L’accord conclu en début d’année entre le Qatar et les États arabes voisins, mettant fin officiellement aux quatre années de crise dans le Golfe, est un élément clé de ce changement.

Lors du blocus, la Turquie a envoyé le ravitaillement nécessaire et des forces de sécurité au Qatar, améliorant sa capacité à résister à l’isolement imposé par l’Arabie saoudite, les EAU et leurs alliés.

En mettant fin au blocus, l’accord de janvier a éliminé l’un des principaux éléments conflictuels entre Ankara et Abou Dabi. Aujourd’hui, après dix ans de visions opposées et de rivalités régionales, la visite de MBZ en Turquie pourrait préfigurer une nouvelle ère, définie par la coopération plutôt que la confrontation. 

Mais qu’est-ce qui a provoqué cet apparent revirement à Ankara ?

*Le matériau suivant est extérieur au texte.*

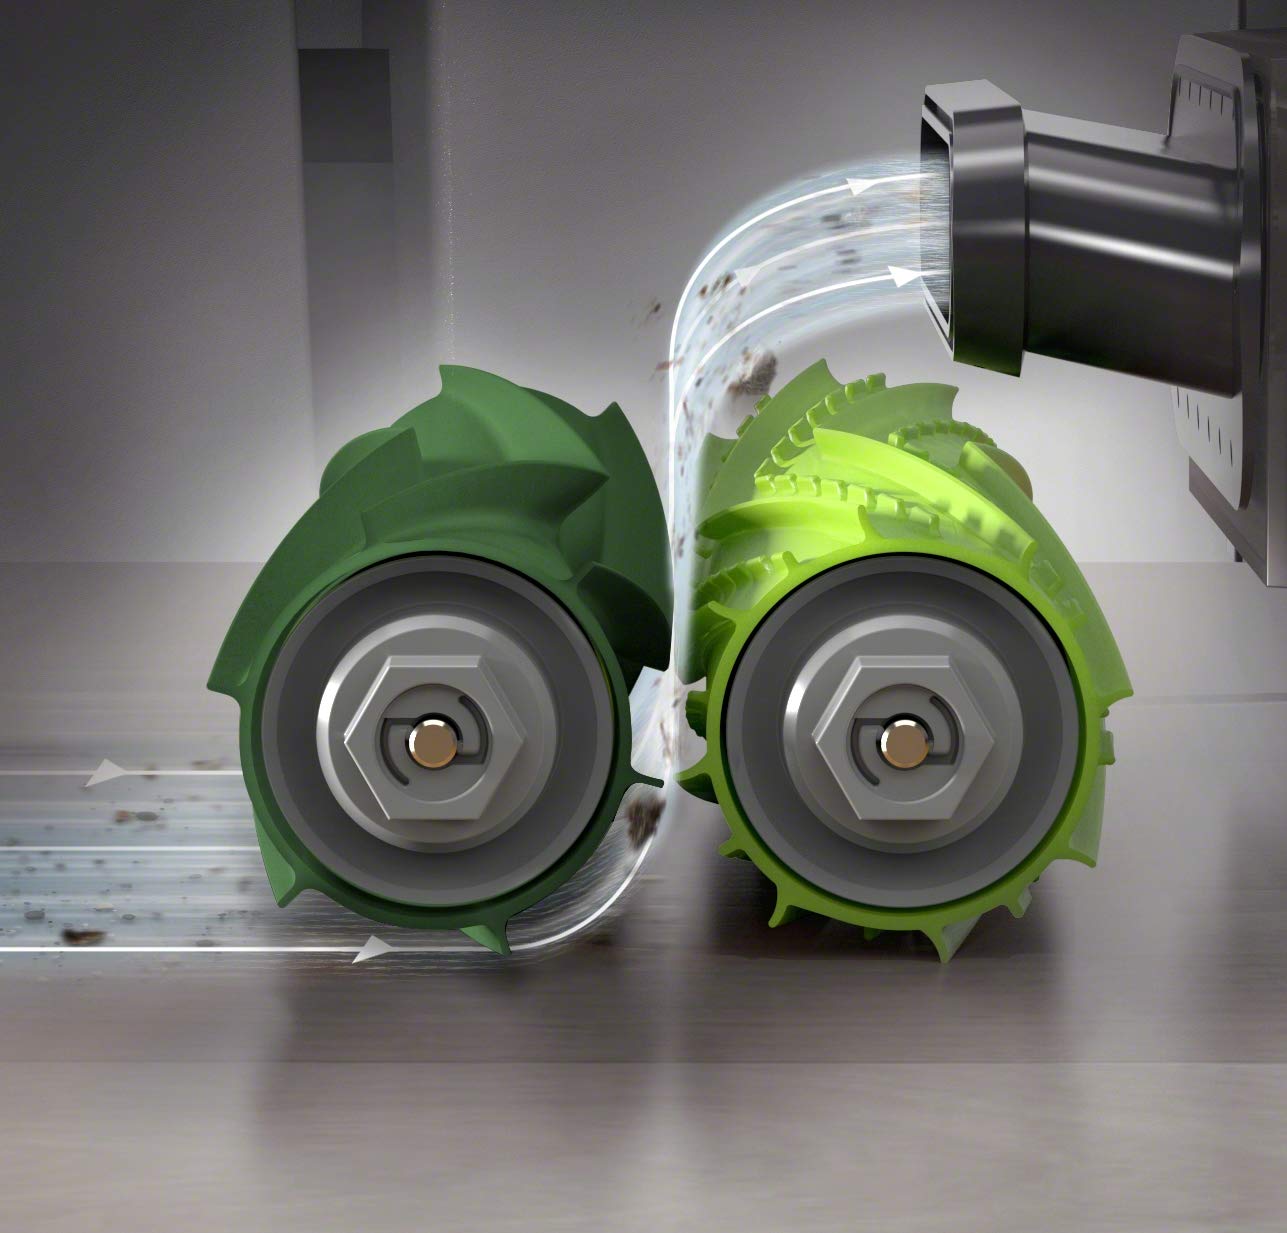 L'aspirateur robot Roomba iRobot e5154 voit son prix chuter sous

Des milliards d’investissements

Par ailleurs, la Turquie et les Émirats ont peut-être réalisé que ni l’un ni l’autre ne retirait d’avantage à cette confrontation régionale. Lorsque la Turquie est intervenue en Libye pour soutenir le gouvernement reconnu par l’ONU à Tripoli alors que les EAU soutenaient le général Khalifa Haftar, une impasse militaire s’est installée.

Poignée de main entre le président turc Recep Tayyip Erdoğan et MBZ à Ankara, le 24 novembre 2021 (AFP)
Poignée de main entre le président turc Recep Tayyip Erdoğan et MBZ à Ankara, le 24 novembre 2021 (AFP)

Un processus politique est désormais en cours, des élections sont à venir en décembre et, bien qu’imparfaites, elles pourraient engager le pays sur la voie de la stabilité.

S’il y a toujours un risque de résurgence de la guerre civile, la Turquie tient à la survie du gouvernement et les EAU n’ont rien à gagner à jouer la mouche du coche.

L’intervention turque tient également à distance toute influence russe, ce que préfère Washington, une incitation supplémentaire pour les EAU afin de parvenir à un accord avec la Turquie plutôt que d’essayer de saper ses efforts en Libye. 

Autre facteur de rapprochement : les impacts économiques asymétriques de la pandémie de COVID-19.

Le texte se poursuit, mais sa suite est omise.